The Woman King

Viola Davis has ascended to the next level of her craft in the exquisitely crafted historical action-epic The Woman King, which delivers what the Wonder Woman franchise should have—bloody Amazons kicking men’s asses without airbrushing. Based on the real-life African kingdom of Dahomey and its all-female warrior regiment (which inspired Black Panther’s Dora Milaje), an awesomely shredded Davis plays General Nanisca, a warrior who immediately recognizes the danger and scope of the growing transatlantic slave trade. Nanisca struggles to convince King Ghezo (a wonderfully cast John Boyega) to act before it’s too late. 

Thuso Mbedu plays a spirited Nawi, a young recruit that struggles under the discipline and sacrifice that the life of a true fighter requires. Luckily for her, she finds a kindly big sister in the fearless Izogie, played by Lashana Lynch (MI6 in No Time to Die). As Nanisca’s tough facade begins to crack, she leans on her spiritual advisor and confidant Amenza, played by Sheila Atim, who channels both the immaculate bone structure and acting chops of the late Cicely Tyson. 

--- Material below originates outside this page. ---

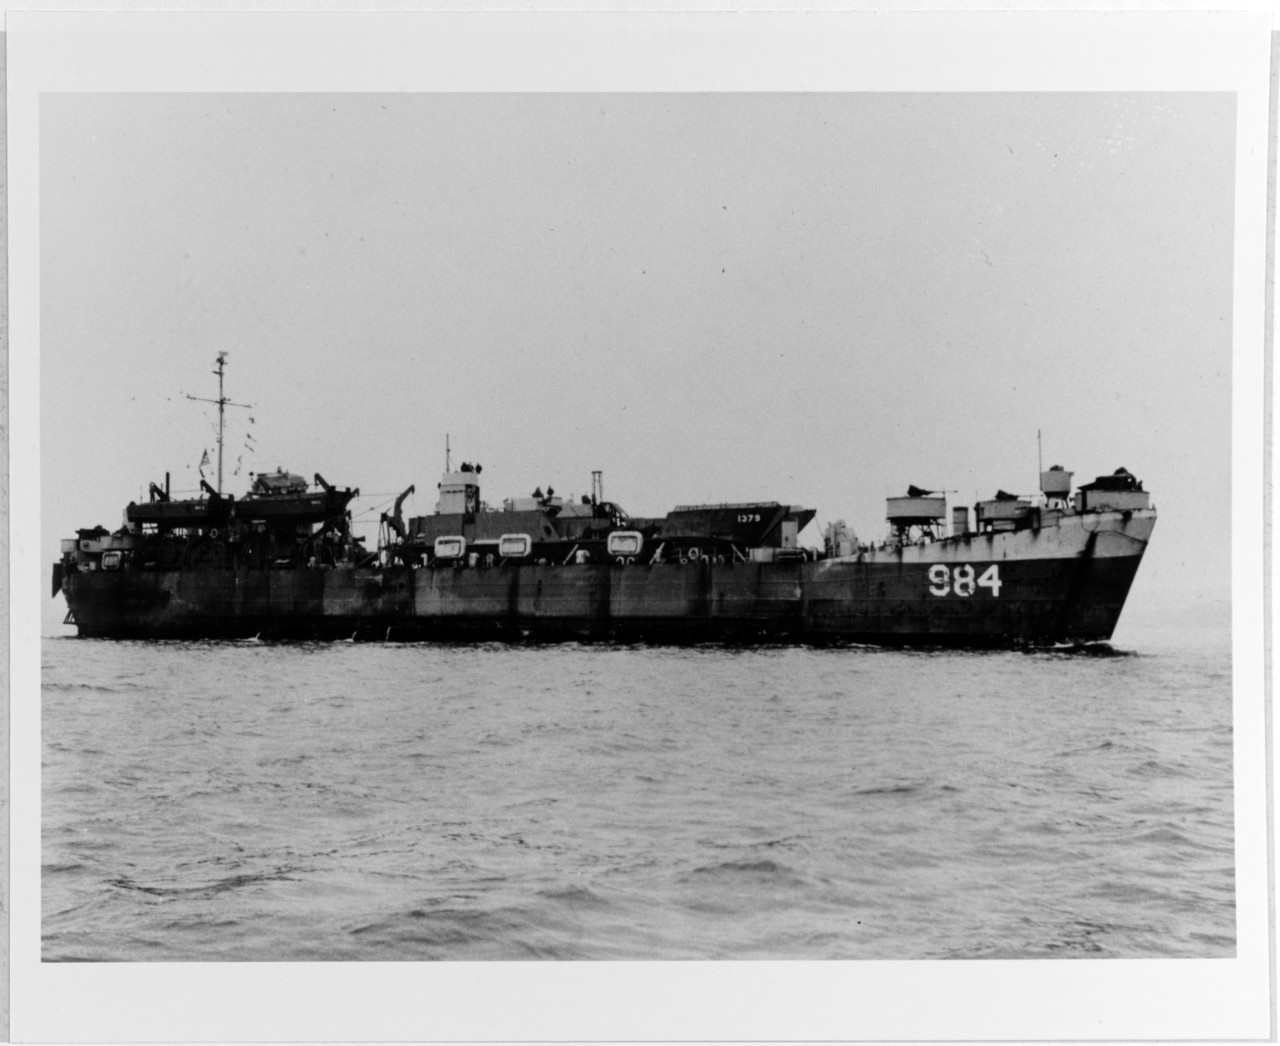 USS LST-984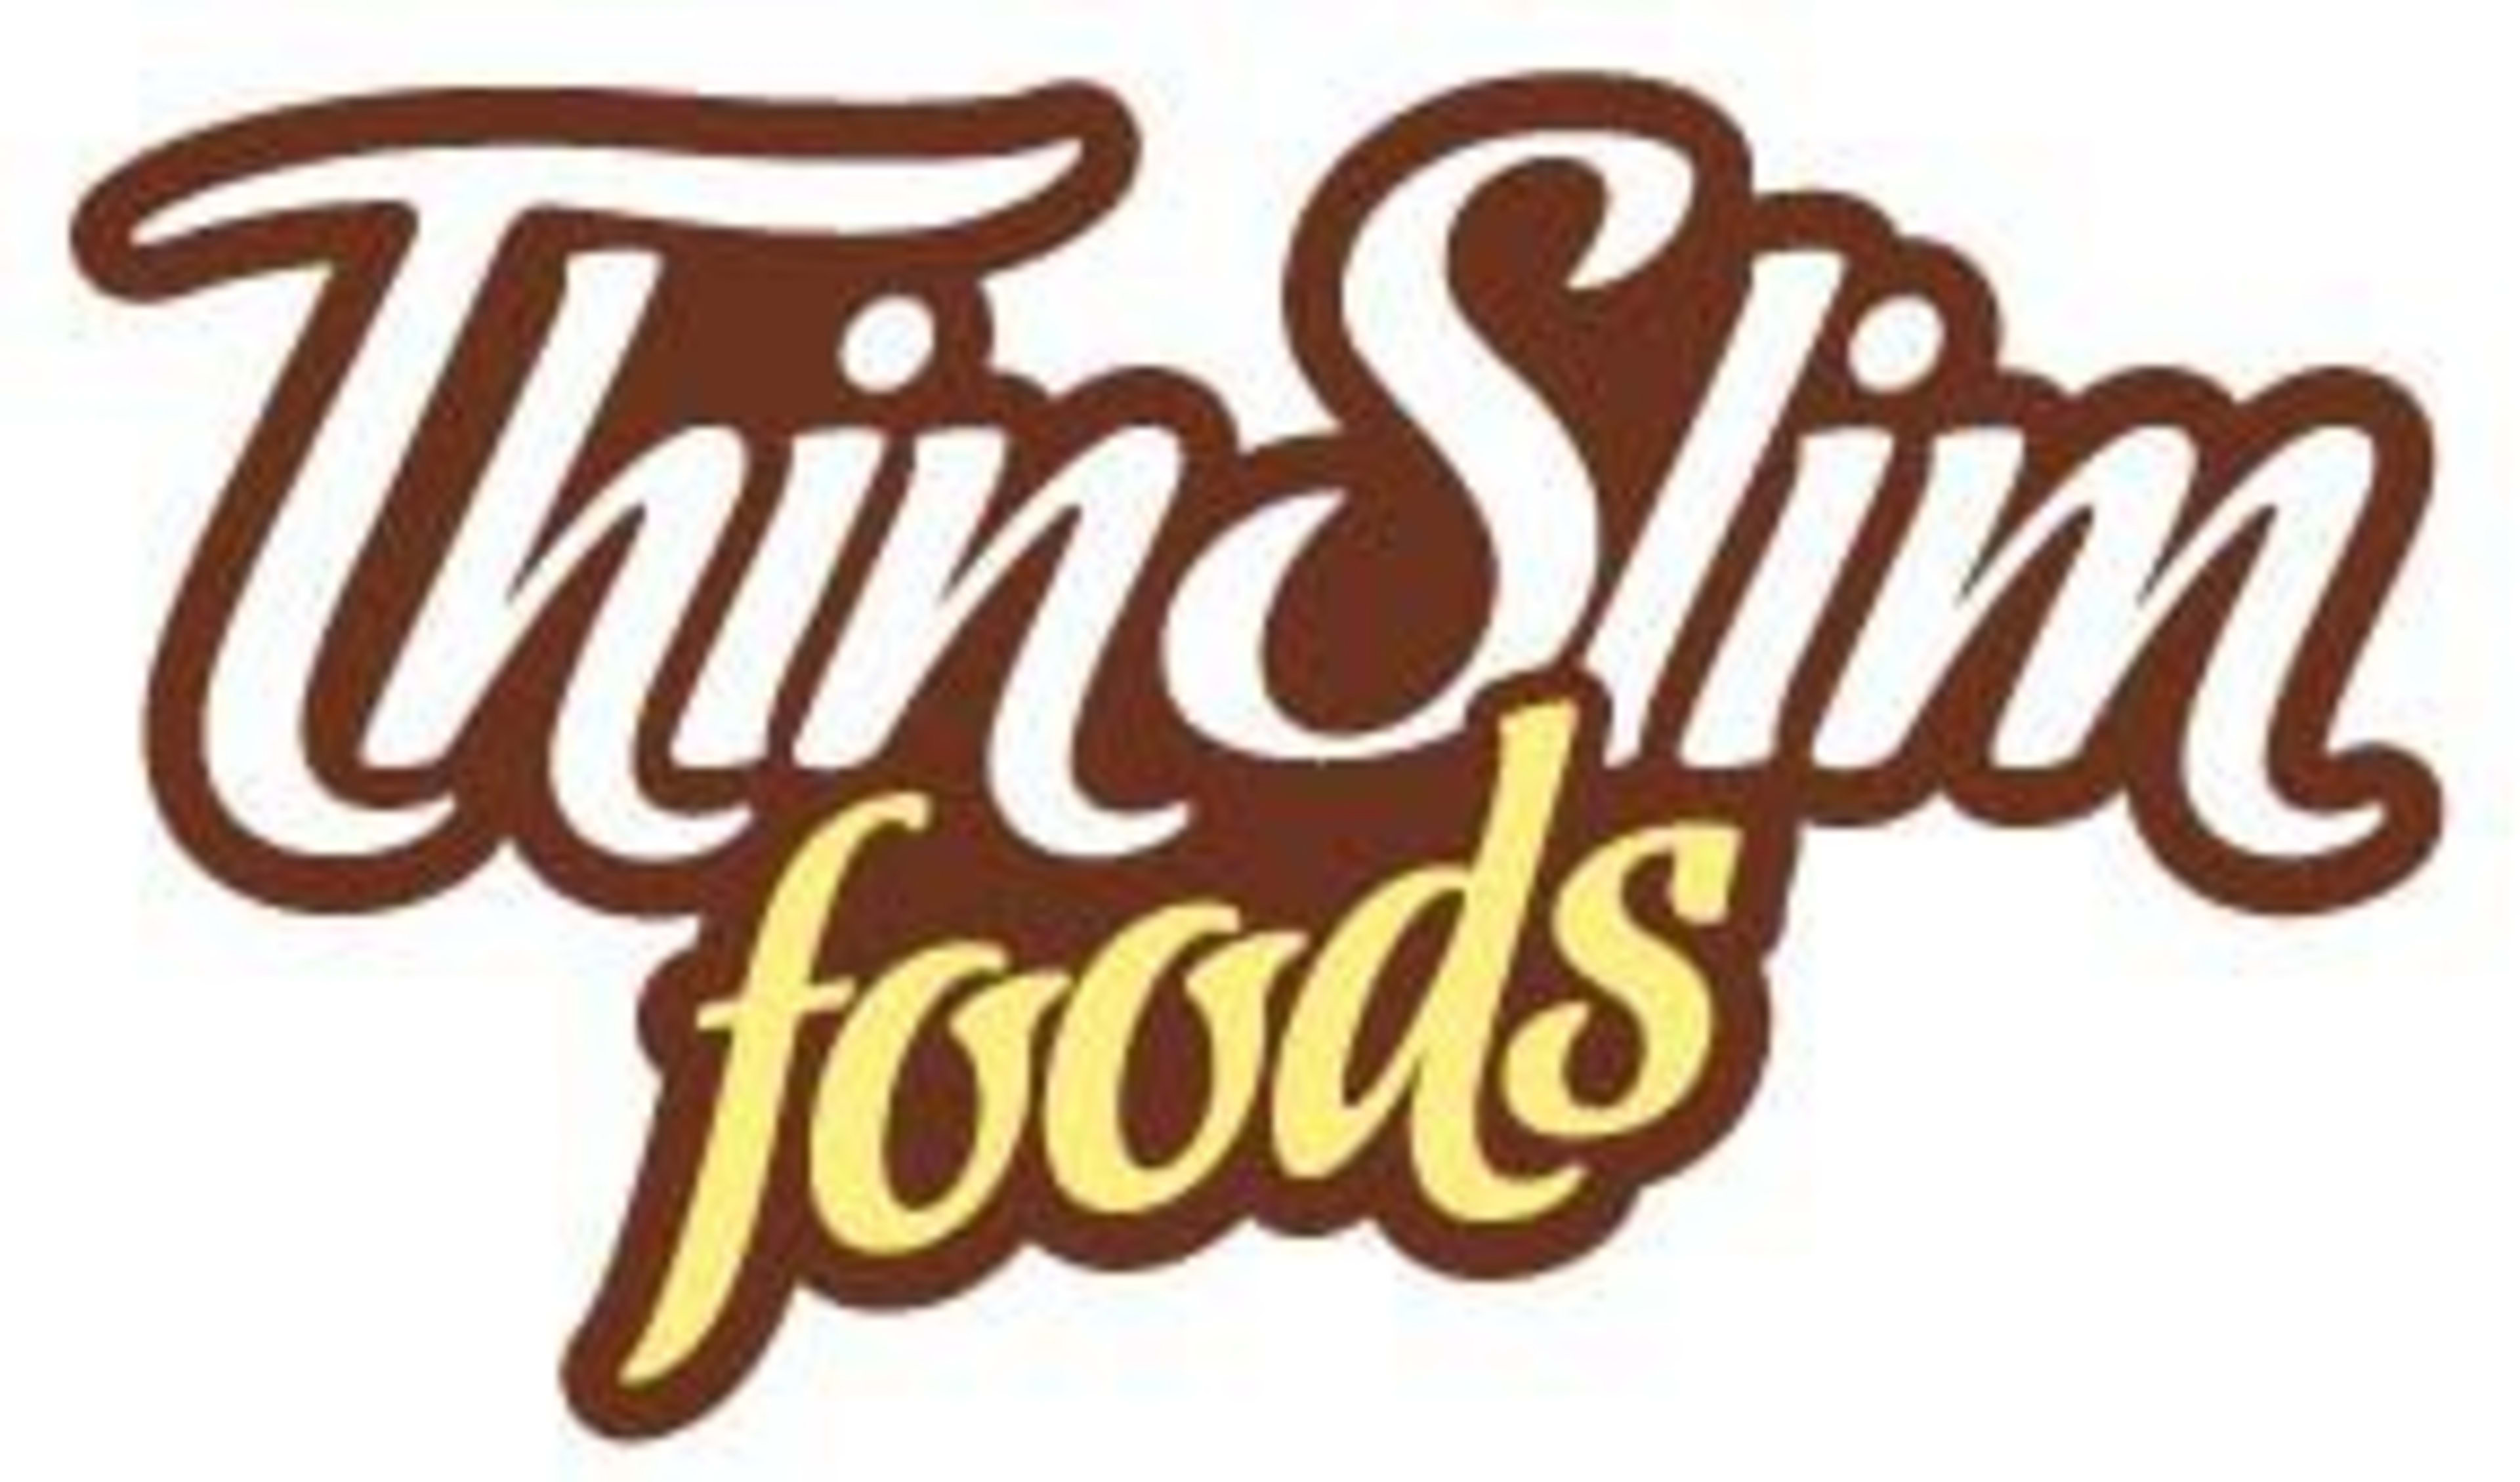 ThinSlim FoodsCode

Director Gina Prince-Bythewood (Love & Basketball) films through the lens of Blackness, highlighting the beauty, strength, and fierceness of Black people, unlike most stories about the slave trade that wallow in Black trauma and are filmed as education for white audiences. A well-crafted script (story by Maria Bello and Dana Stevens) delivers action, heart, and great storytelling set against the expansive vistas of the West African countryside, making The Woman King an instant classic. PG-13, 135 min.